Camp Colt was a bustling installation of barracks, shops, mess halls and offices with daily routines of infantry training, tank operation, and maneuvers over the historic battlefield. Horse barns from the infantry camp were converted into barracks to house additional troops as they arrived in July and August, a foreboding of what was to come for that most revered and storied branch of the Army, the cavalry. The horse and its stalwart rider were to be replaced by a machine that moved slower than most men could walk and encased the crew in a hot and noisy iron box with limited visibility and poor ventilation. The future of warfare was not to be as glamorous as it had been prior to the start of World War I.
Unfortunately, there were accidents and some deadly. One soldier was killed and two others wounded when a machine gun malfunctioned during training in July and another was killed when he fell from a truck while returning from a social event in nearby York. Fortunately, the majority of training days only saw a handful of minor, non-fatal injuries, though nothing could have prepared the men at Camp Colt for the influenza epidemic that swept the nation in mid-September 1918. Nearly a third of Camp Colt’s personnel came down with the illness, the sick housed in makeshift tent wards on the parade ground. Serious cases were taken to an isolation building at Xavier Hall in Gettysburg, where dealing with death became a daily routine. Over 150 U.S. soldiers assigned to Camp Colt died during the influenza epidemic.
A grateful end to the weeks of sickness in November 1918 preceded the end of Camp Colt. Soldiers were selected for overseas duty and by mid-December, nearly half of the camp’s personnel had been transferred. Even with the Armistice and end of fighting in Europe on November 11, there was still a need for U.S. soldiers for occupation duty and the Tank School at Gettysburg was deemed unnecessary as the Army began to reduce its active bases. Captain Eisenhower left for his new assignment at Fort Benning, Georgia, followed by the last of his soldiers soon after. Camp Colt officially closed in March 1919 and by the end of the year, the barracks, shops, offices and tents were gone with only some of the training trenches and unfilled pits remaining.
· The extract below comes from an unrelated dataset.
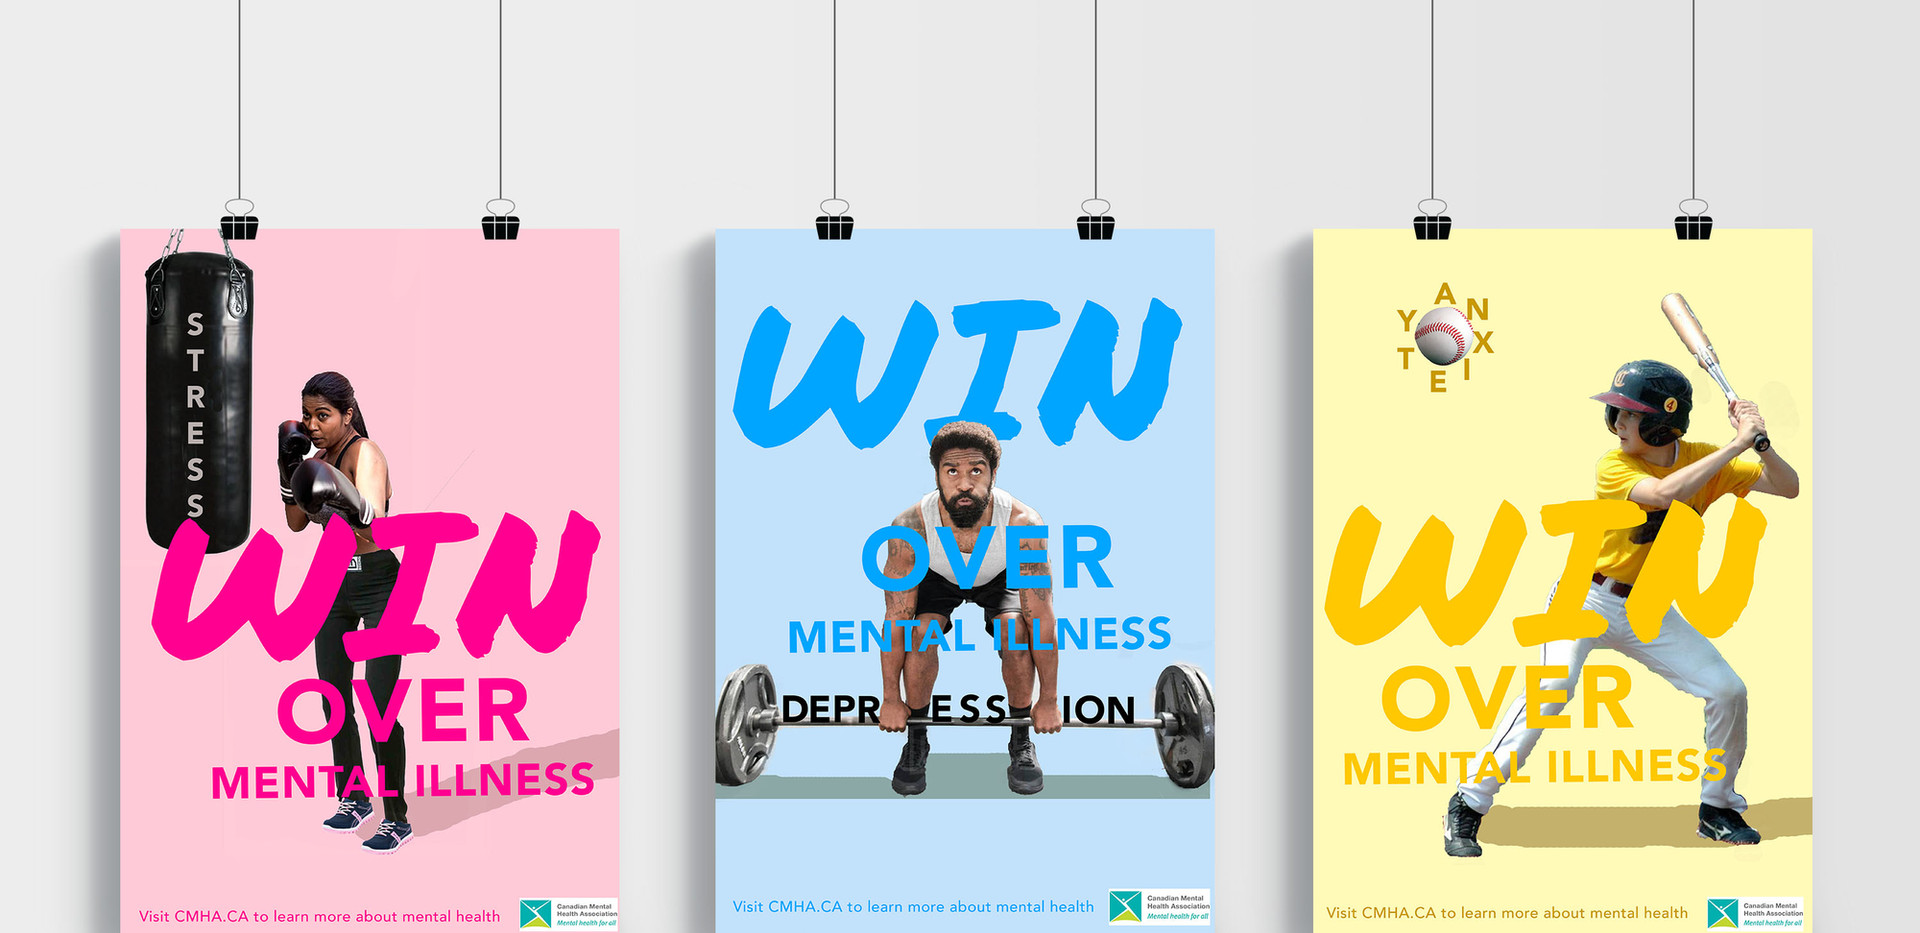 WIN over mental illness

Veterans of the Tank Corps who trained at Gettysburg returned in 1954 to plant an evergreen tree at the site of Camp Colt along with a bronze tablet to commemorate the birth of the Tank Corps and honor its commander, Dwight D. Eisenhower- general, president and statesman. Though vandals tried to cut the tree down within a few months of its planting, it was saved thanks to efforts by the National Park Service and Gettysburg residents. The tree survives today, overlooking the spot where Camp Colt once thrived and trained the first tankers of the United States Army. Likewise, Eisenhower never forgot the pleasant atmosphere of the Gettysburg area and chose it as his retirement home, having purchased a farm near the battlefield park two years prior to his retirement from active duty and election as president in 1952. Eisenhower National Historic Site not only commemorates the retirement of one of the country’s finest generals and presidents, it also reminds visitors of his personal tie with the battlefield park and the site of his first major command - the Tank School at Camp Colt.